-- Source data --
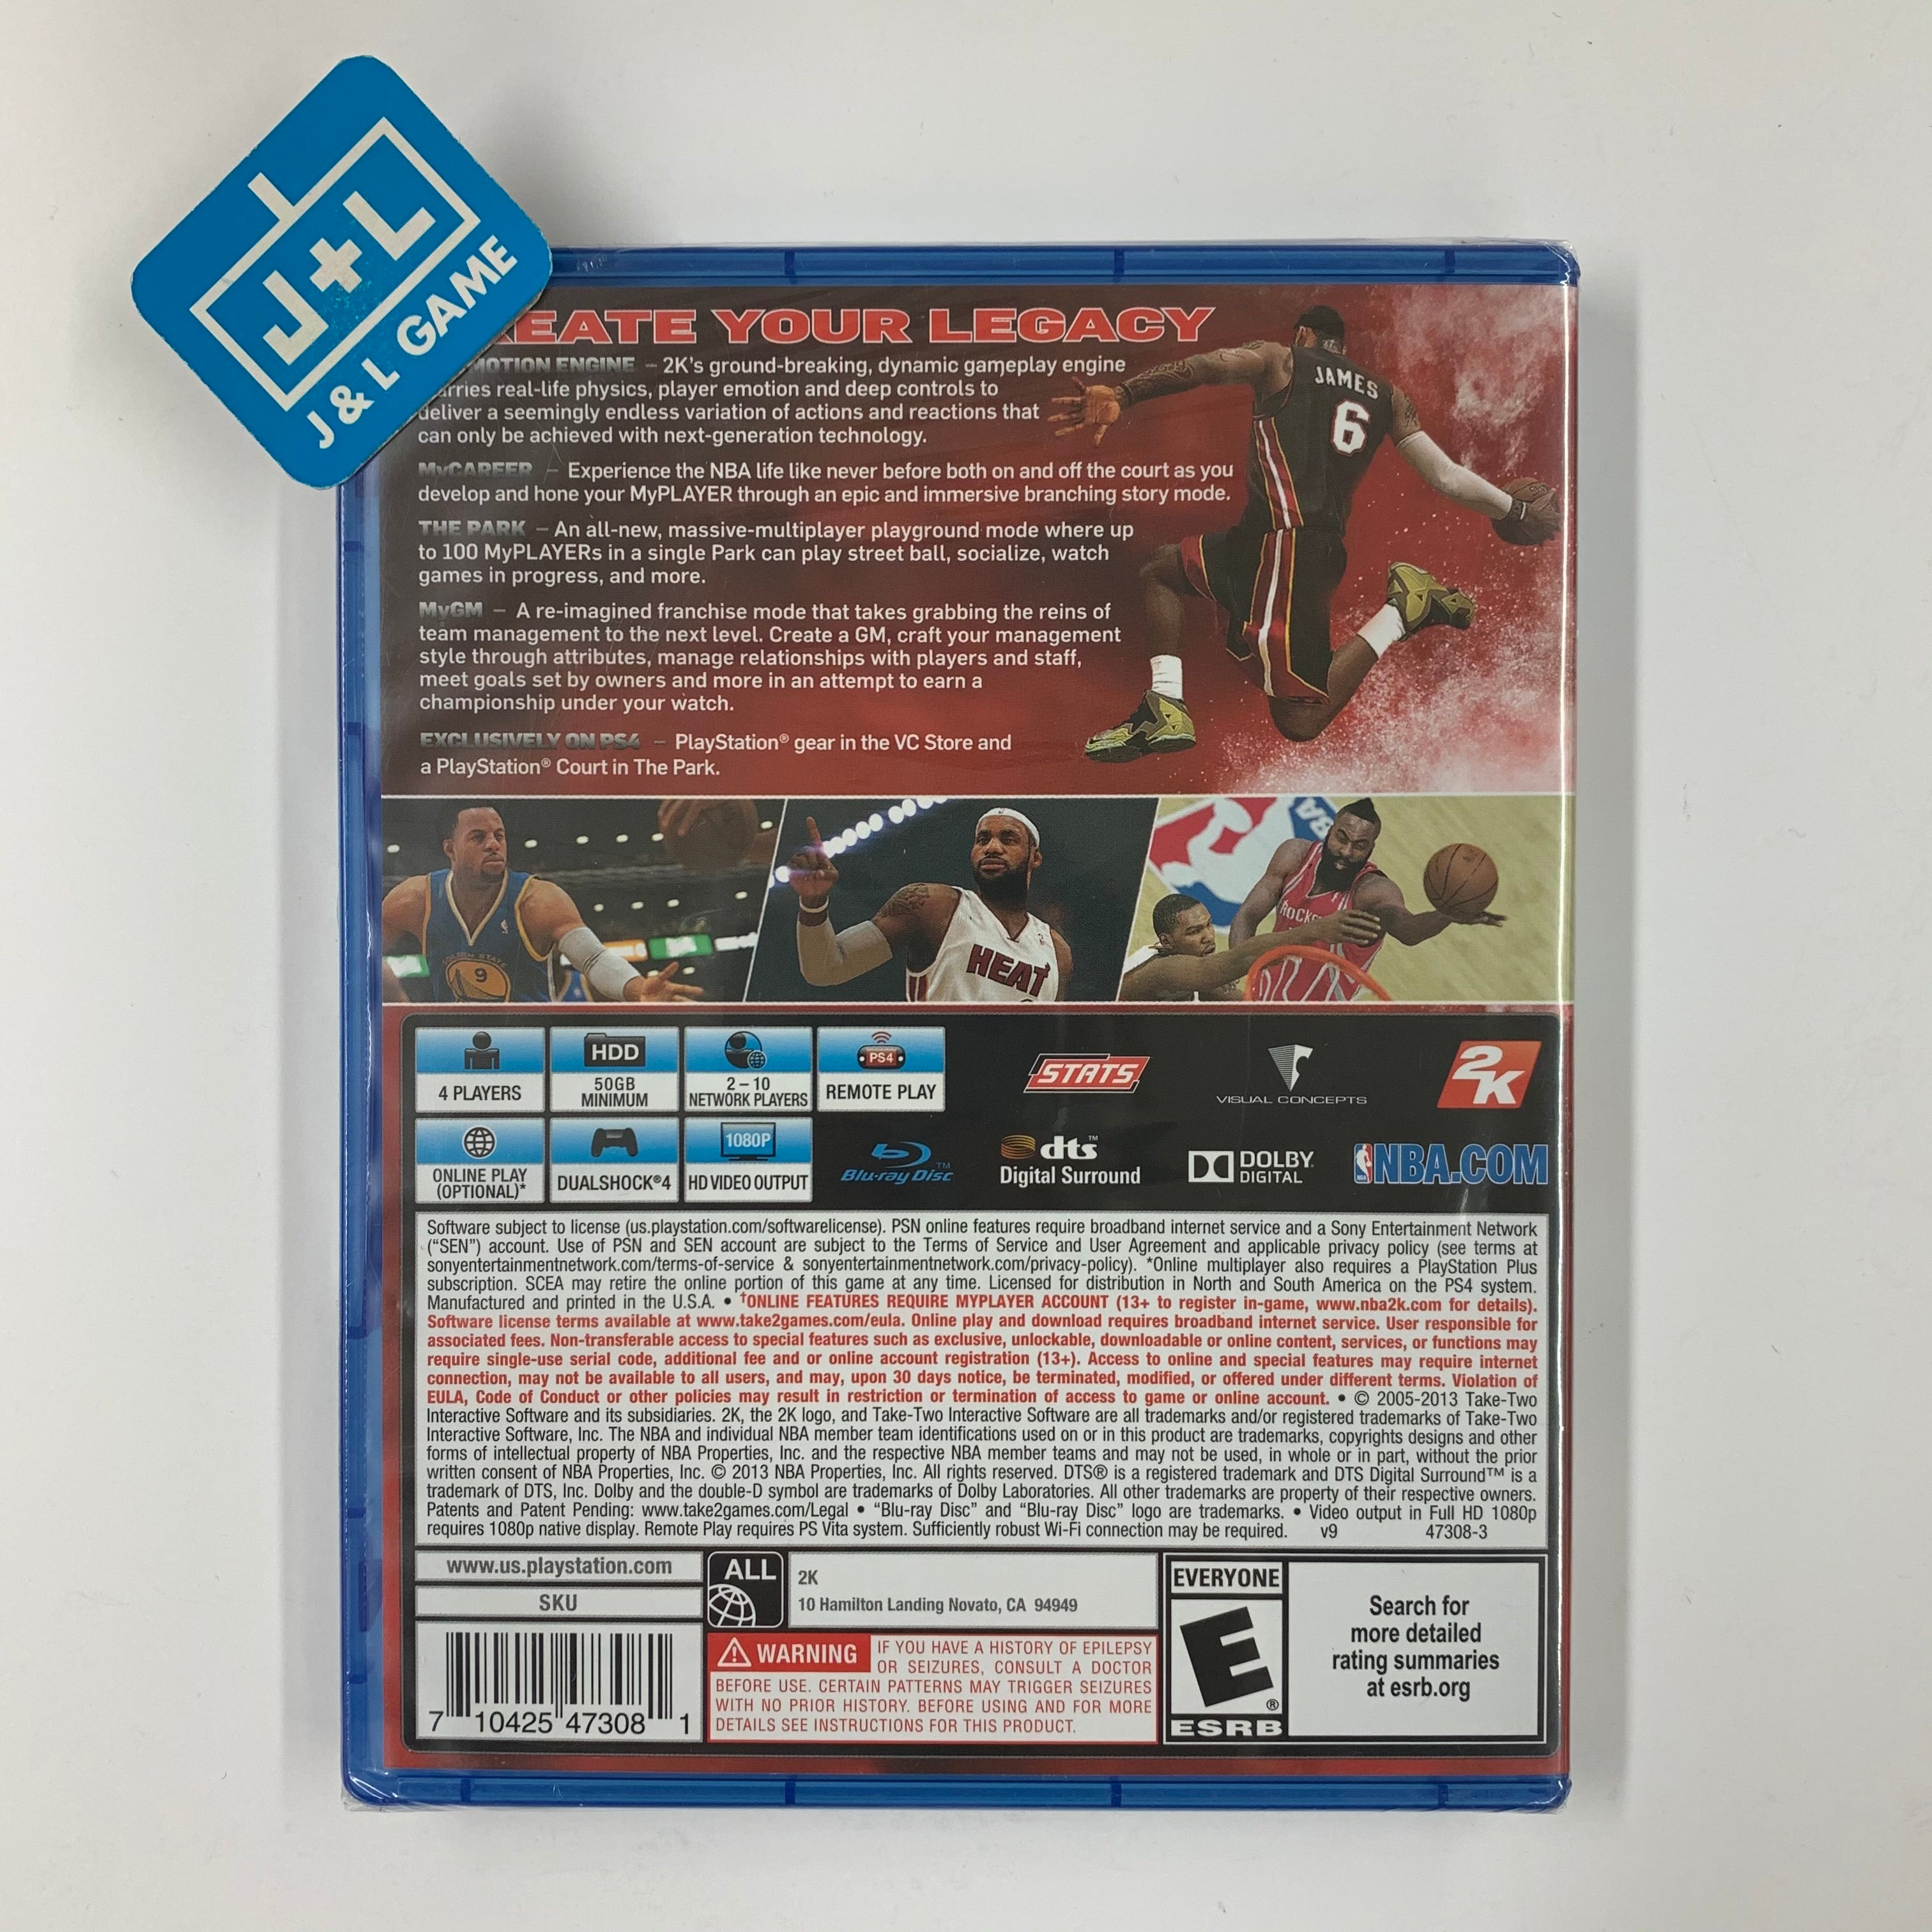 NBA 2K14 - (PS4) PlayStation 4 Video Games 2K Sports   
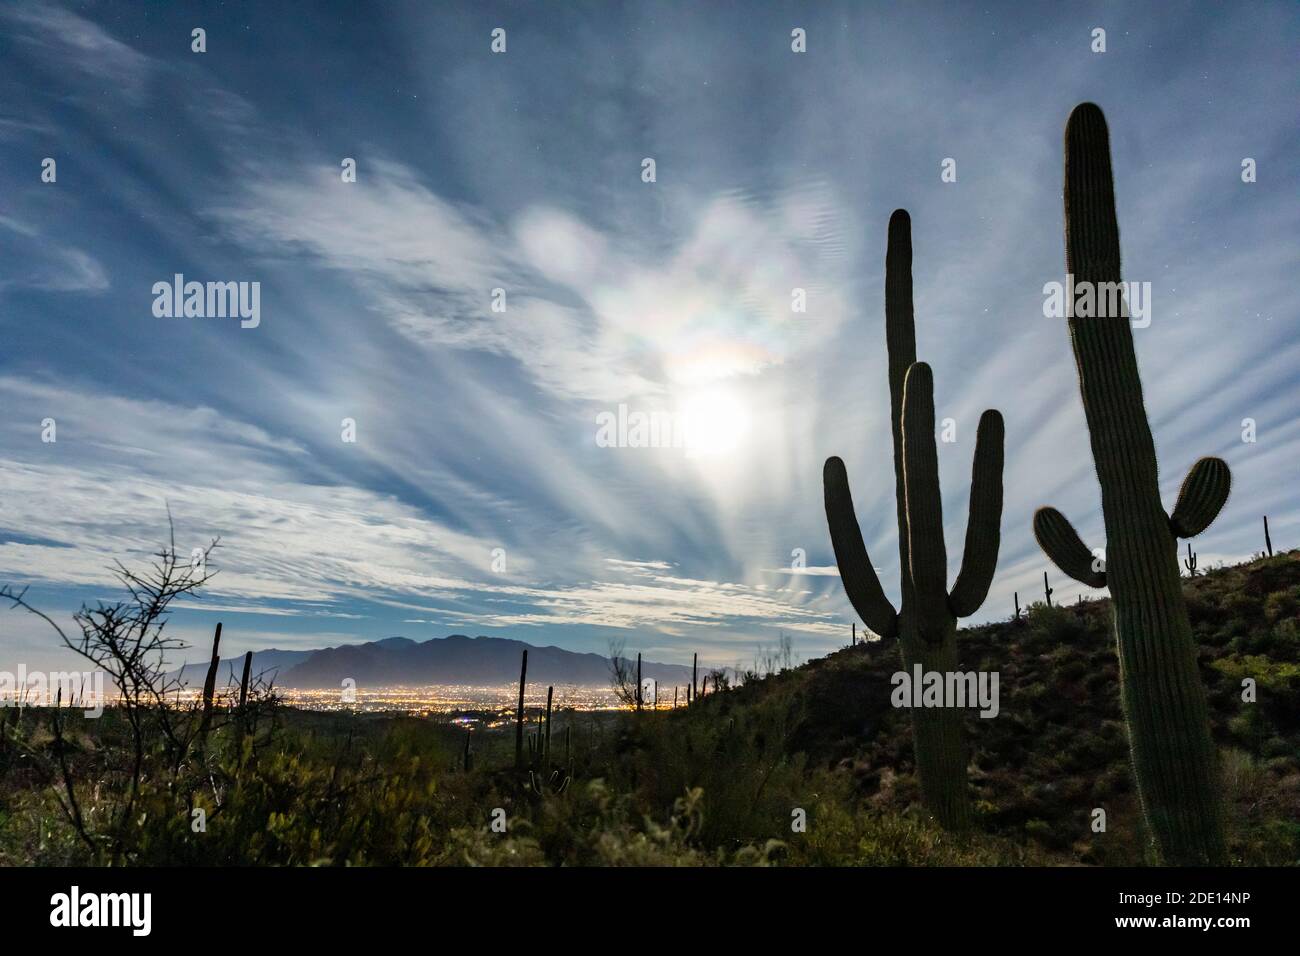 The super full moon rising over saguaro cactus (Carnegiea gigantea), Sweetwater Preserve, Tucson, Arizona, United States of America, North America Stock Photo
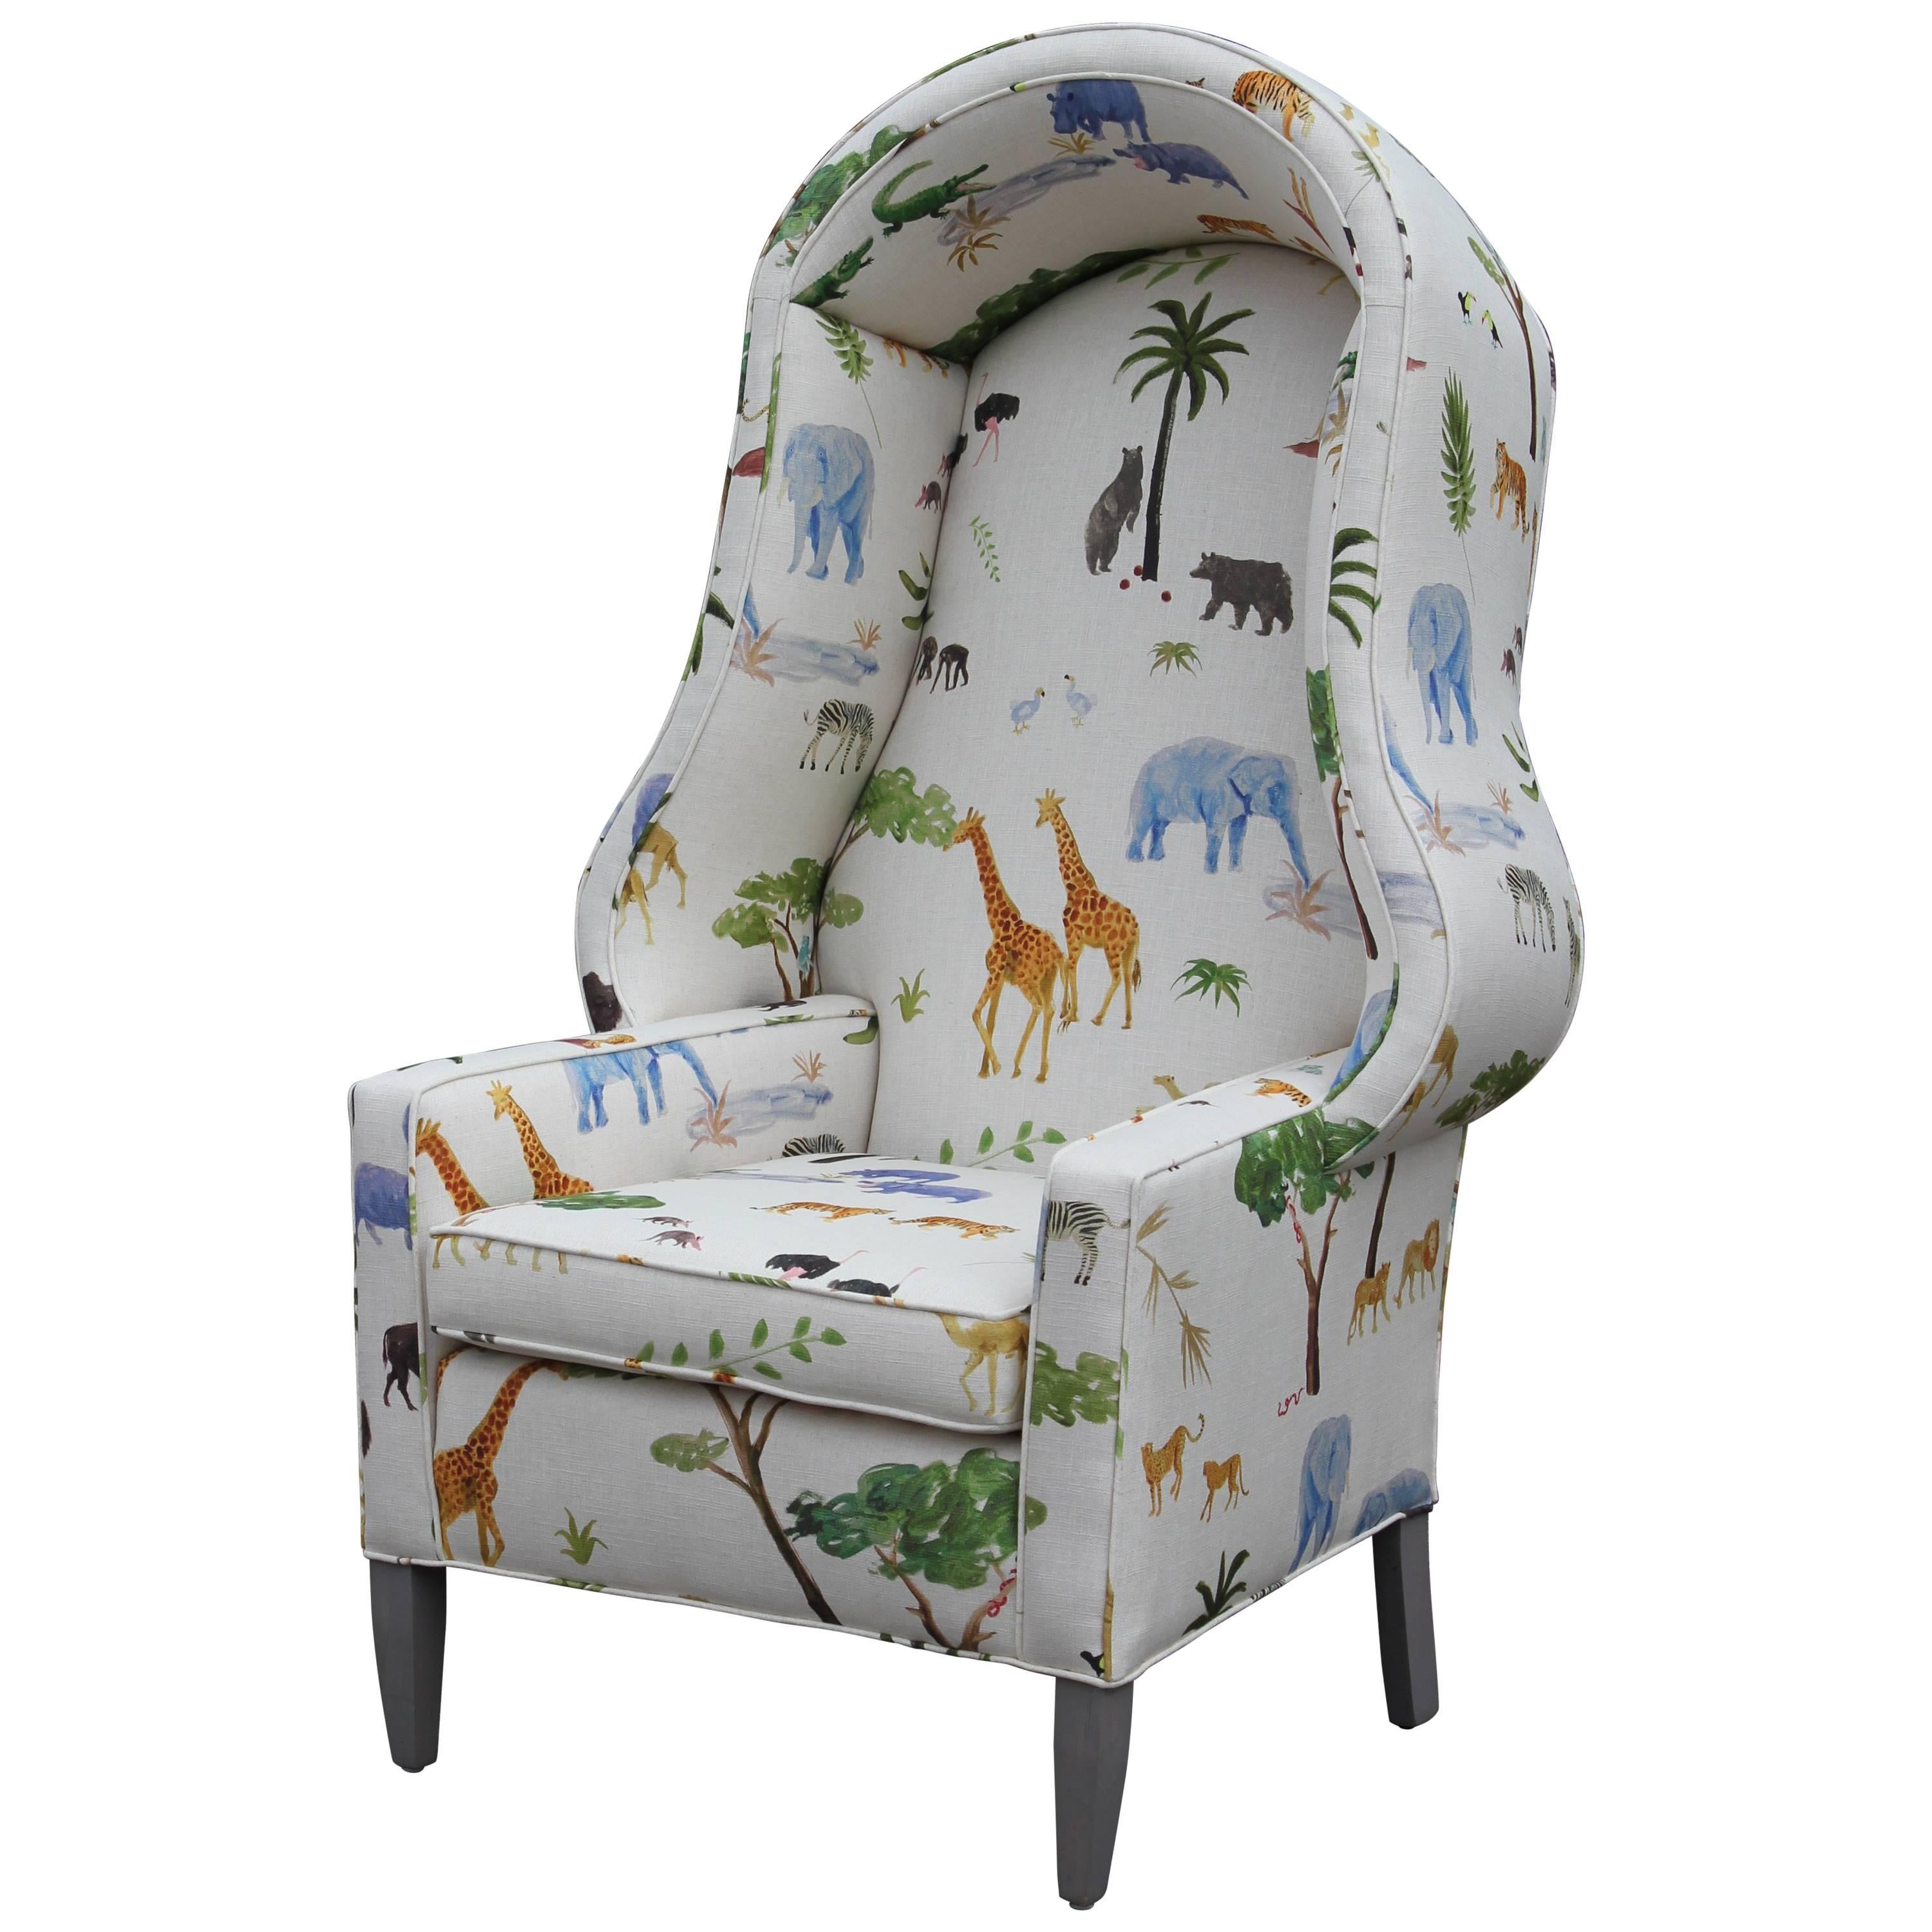 Modern Porter's Chair in the Style of Baker Furniture in Safari Animal Print

-- Prompt --
Reproduce the material word for word, pictures excluded.

-- Response area --
 NBA 2K14 - (PS4) PlayStation 4 Video Games 2K Sports   
 The super full moon rising over saguaro cactus (Carnegiea gigantea), Sweetwater Preserve, Tucson, Arizona, United States of America, North America Stock Photo
 Modern Porter's Chair in the Style of Baker Furniture in Safari Animal Print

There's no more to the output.